Before C.R. and Jerry could say no, an older café patron allowed as how
he had heard someone report only the day before that they had seen some people
with a fancy car camping near Cedar Knob, a local landmark east of town that rose
over a watering hole that had been used by travelers since Indian times.
The
deputy thanked the man for the tip and said he’d go check it out, but when the
lawman sped off in a cloud of dust, Jerry noticed he was driving in the opposite
direction of Cedar Knob.
Seeing no need to go back to class that day,
C.R. and Jerry decided to investigate the report themselves. The two boys rode
to a point near the water hole, tied up their horse, and slipped down a gully
to a point where they could view the camping place.
Sure enough, they saw
two wall tents near the water source. A pot of coffee sat over a small fire. And
nearby was a new car.
As the boys took in the scene, wondering who the
strangers could be, a voice from behind said: “You boys stand up with your hands
in the air or I’ll blow your heads off. What are you two doing here?”
C.R.
and Jerry turned to see a twisted-faced man holding a sawed-off 12-guage pump
shotgun.
Staring down the barrel of that scattergun, which looked as big
as a railroad tunnel, they hastily explained that they had heard some outlaws
were camping there and since they had never seen a real outlaw, they had come
to check it out.
As C.R. later told his son, the man said:
“I
am a real outlaw. My name’s Raymond Hamilton and those two people down
[there] are Clyde
Barrow and Bonnie Parker. March on down to the fire and let’s talk to Clyde.”

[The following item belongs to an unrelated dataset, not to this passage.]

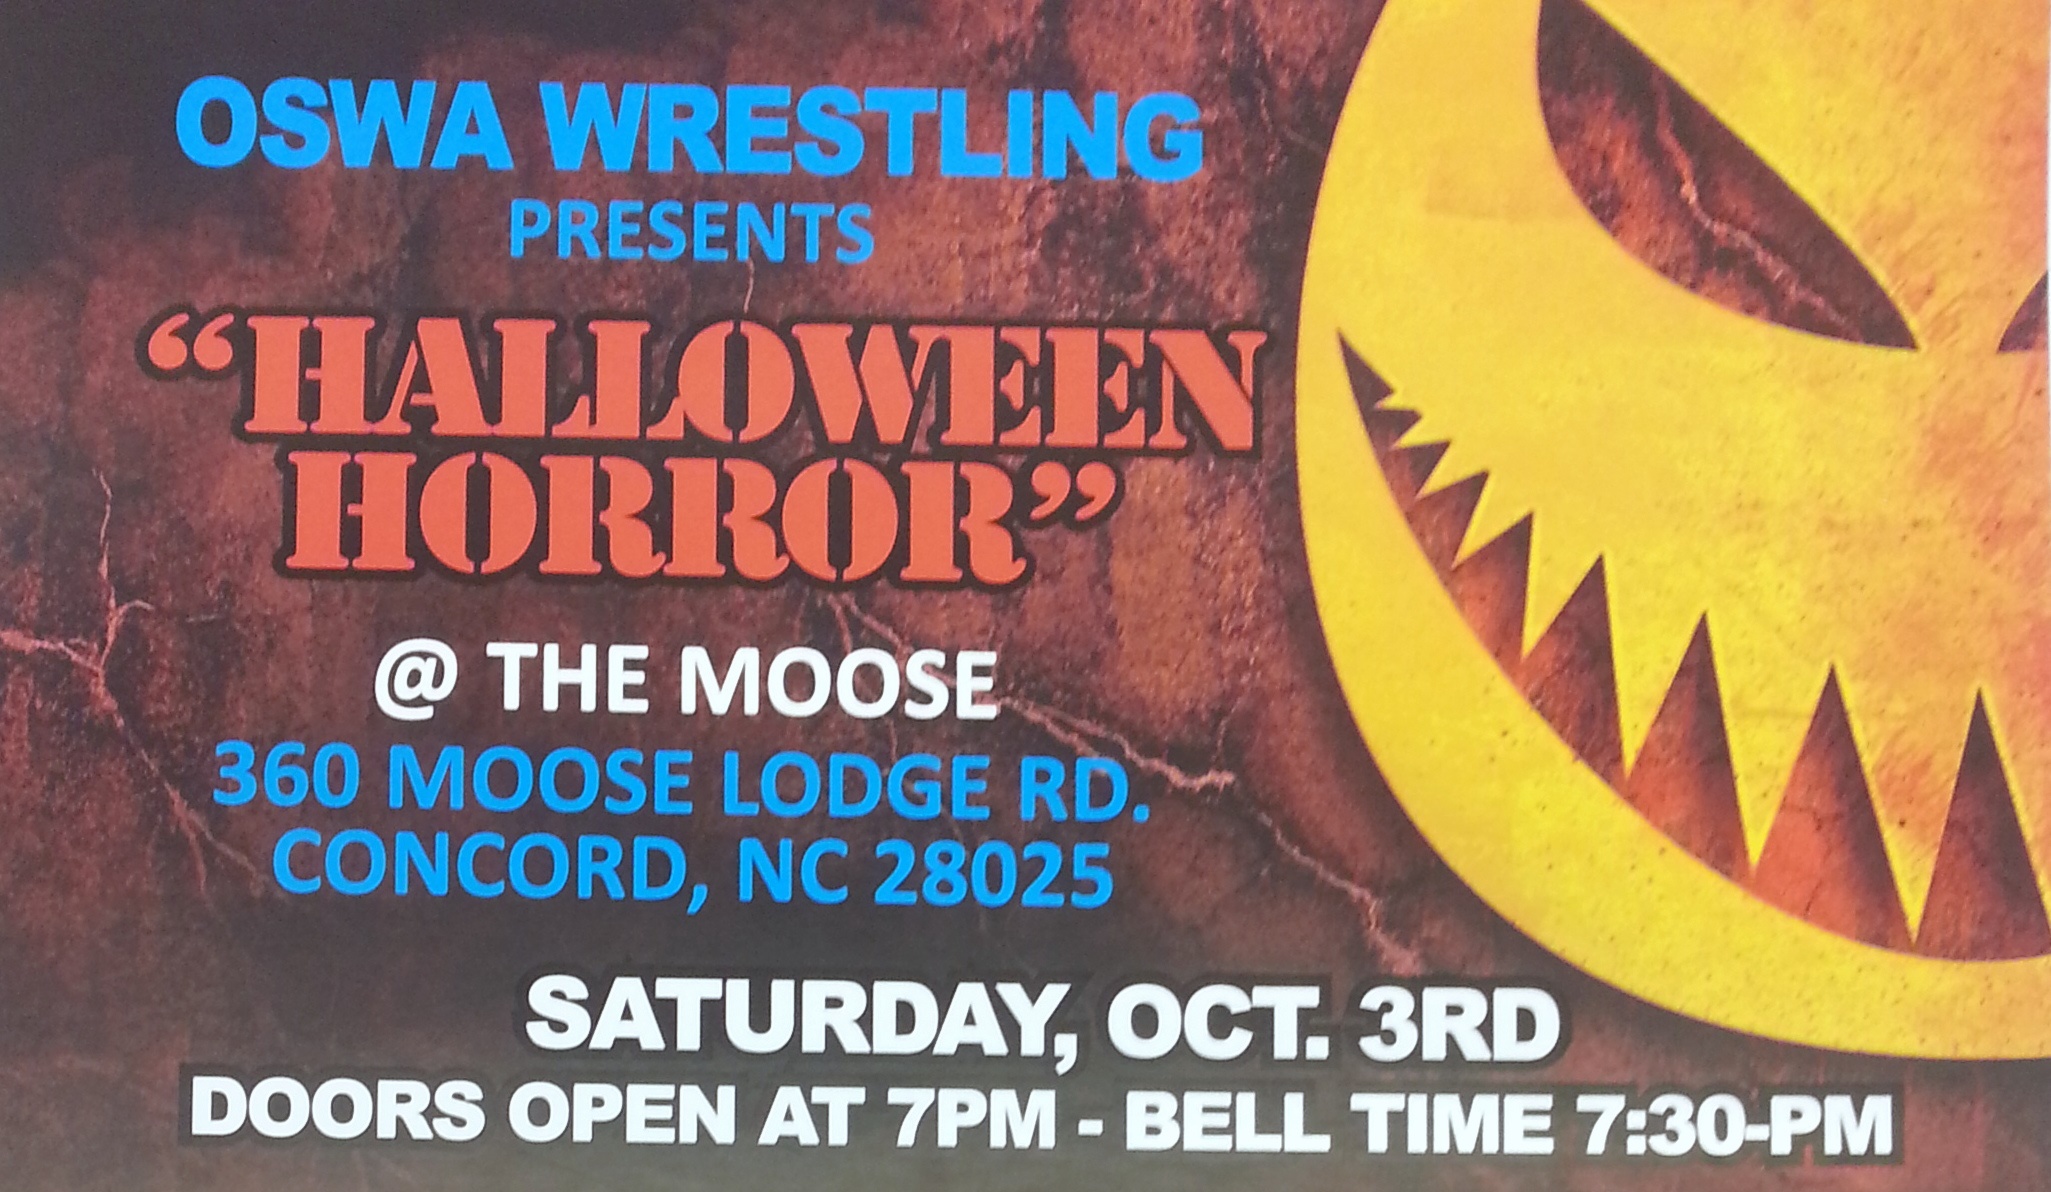 OSWA Wrestling is ready for “Halloween Horror”!

Carrying an automatic rifle, a well-dressed young man readily identified
himself as Barrow. Bonnie, he said, was not feeling well and taking a nap in the
tent.
Barrow then explained the obvious. Now that the boys knew who he
was and where he was, if he let them go, they might be inclined to tell the authorities.
Of course, if they promised not to tell anyone…
The boys said they’d swear
on a Bible not to reveal what they knew. At that, C.R. told his son, Barrow laughed
and said no one had ever offered to swear on a Bible in his behalf.
“You
boys go back home and never say a word or I will come back to find the both of
you. I hate squealers!”
C.R. and Jerry lived up to their promise. But
while they were safe from Bonnie
and Clyde, who got permanently blasted off the wanted posters by two former
Rangers and other lawmen in 1934, the boys did get in trouble for skipping school.
As punishment, their father sentenced them to a week of shoveling manure out of
their barn.
Talk about shoveling manure.
The story, of course,
has more holes than Hamilton’s shotgun would have blown in a coffee can. C.R.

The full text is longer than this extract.